_Your instructions_
Below are some records. Return exactly their lines from the one containing "Moderne Graffiti in" through the one containing "Libros sobre marxismo leninismo", and drop the pictures.

_Data shown_
□ □ □ □
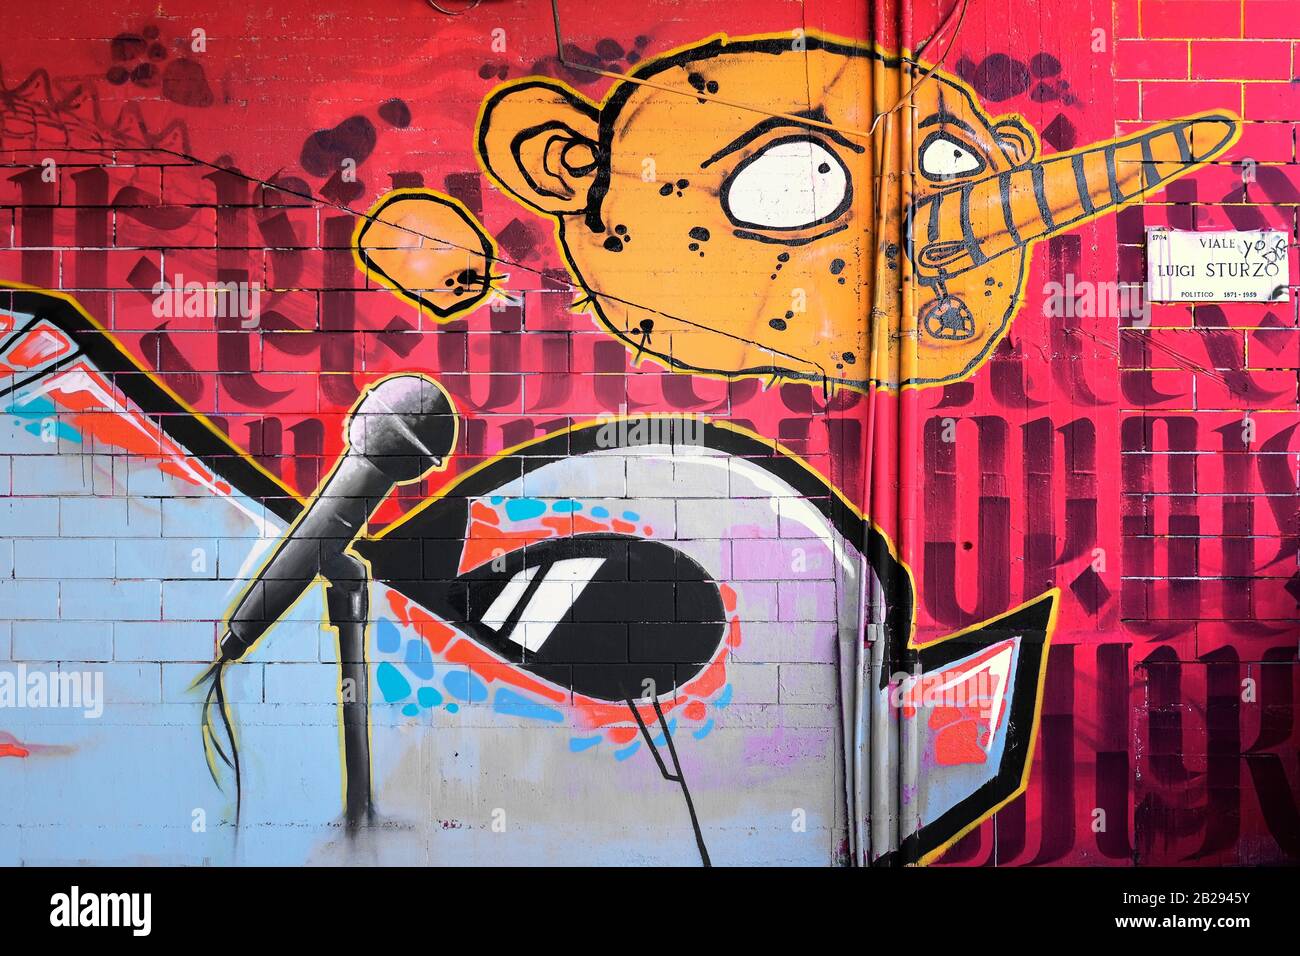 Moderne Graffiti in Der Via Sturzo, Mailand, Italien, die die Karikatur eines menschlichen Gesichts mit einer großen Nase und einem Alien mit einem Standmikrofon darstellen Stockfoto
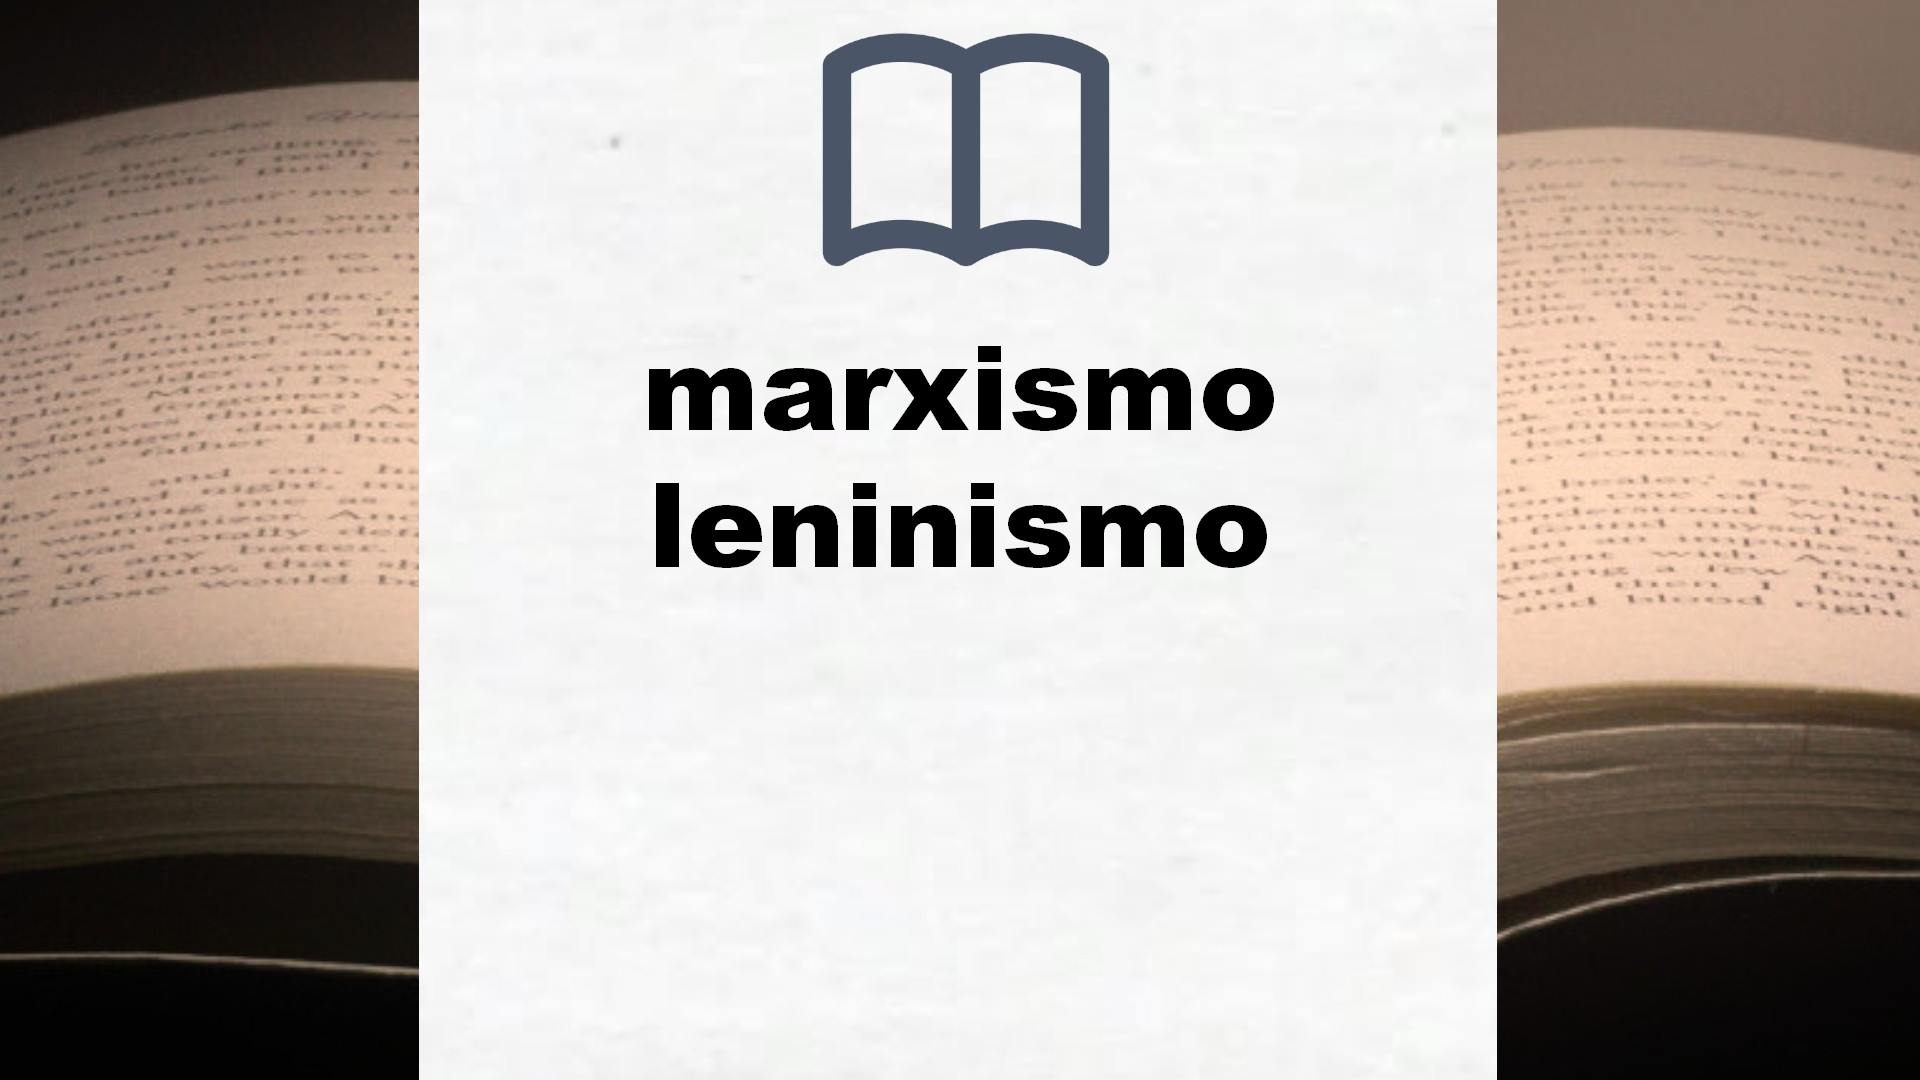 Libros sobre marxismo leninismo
□ □ □ □
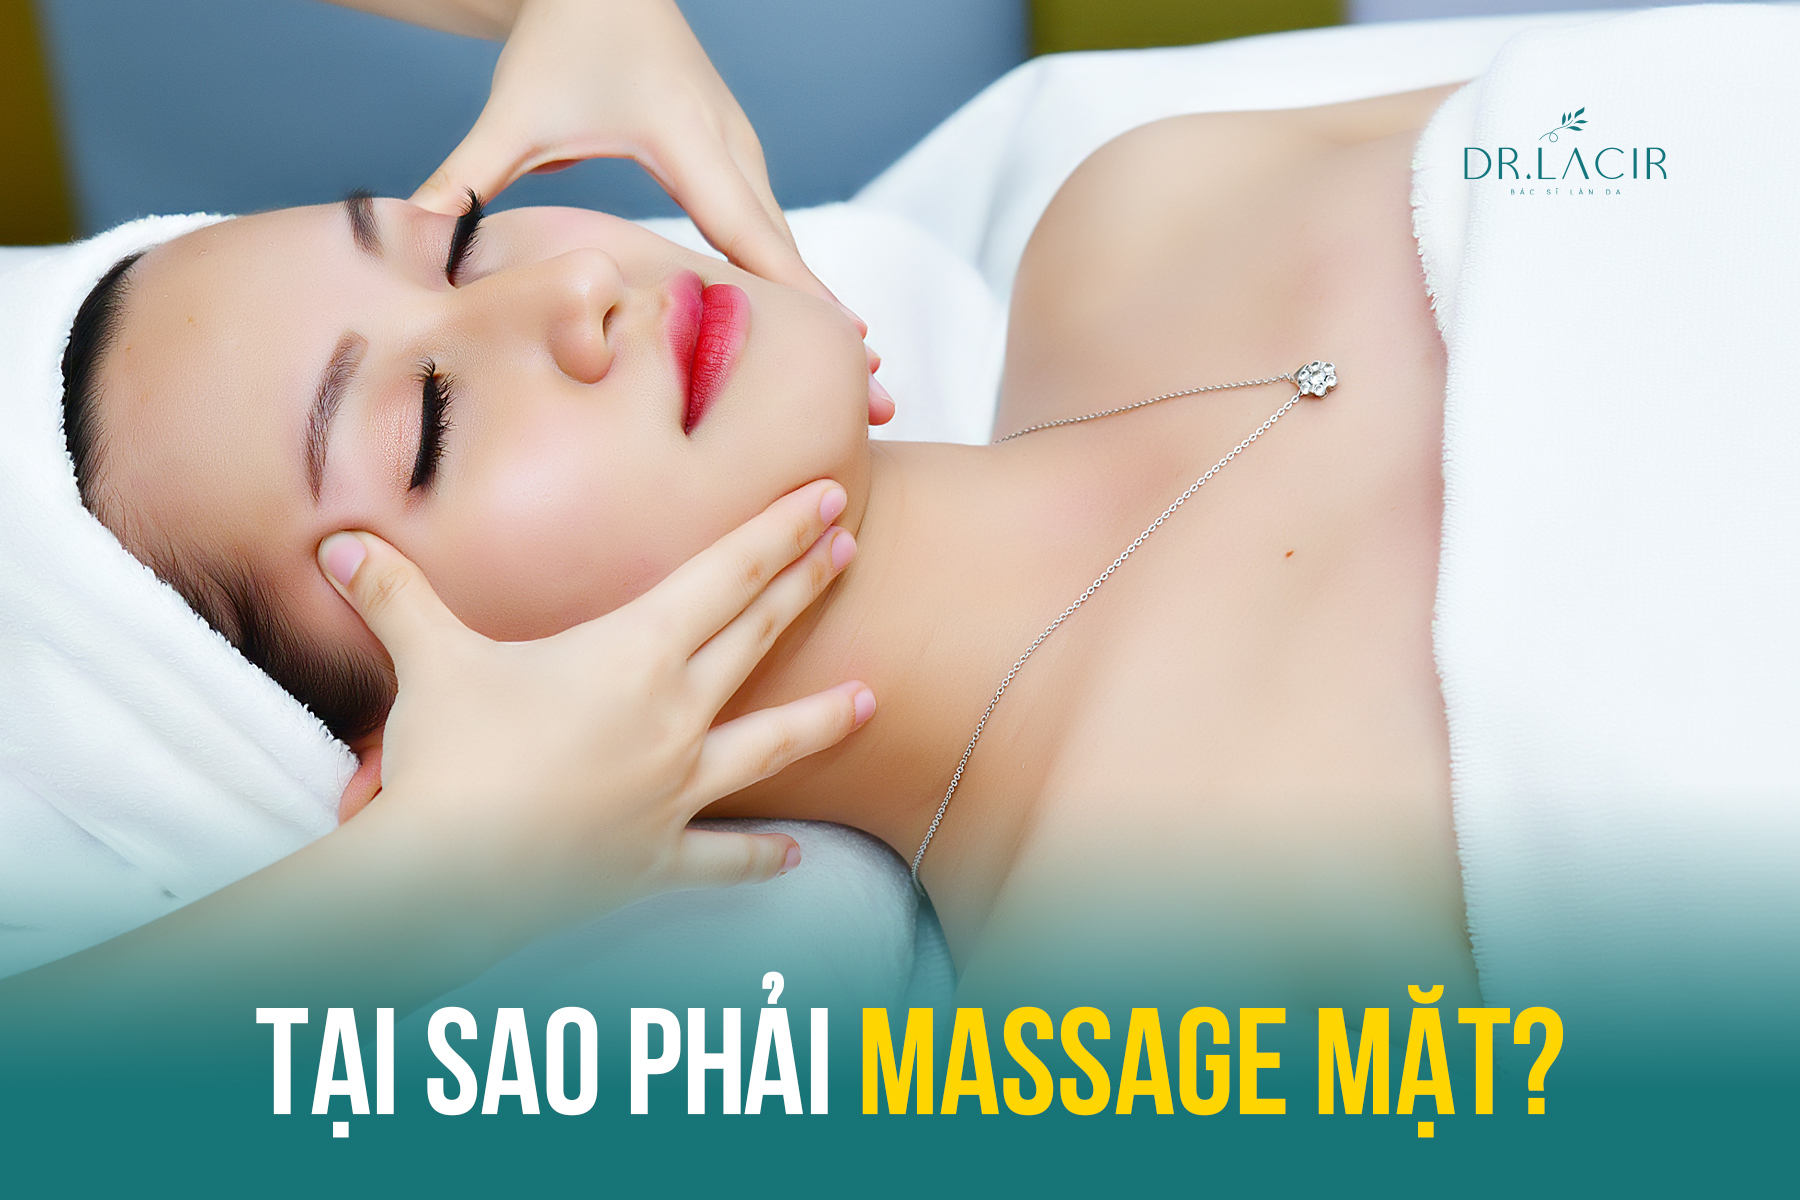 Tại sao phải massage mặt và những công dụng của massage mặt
□ □ □ □
_Answer section_
 Moderne Graffiti in Der Via Sturzo, Mailand, Italien, die die Karikatur eines menschlichen Gesichts mit einer großen Nase und einem Alien mit einem Standmikrofon darstellen Stockfoto
 Libros sobre marxismo leninismo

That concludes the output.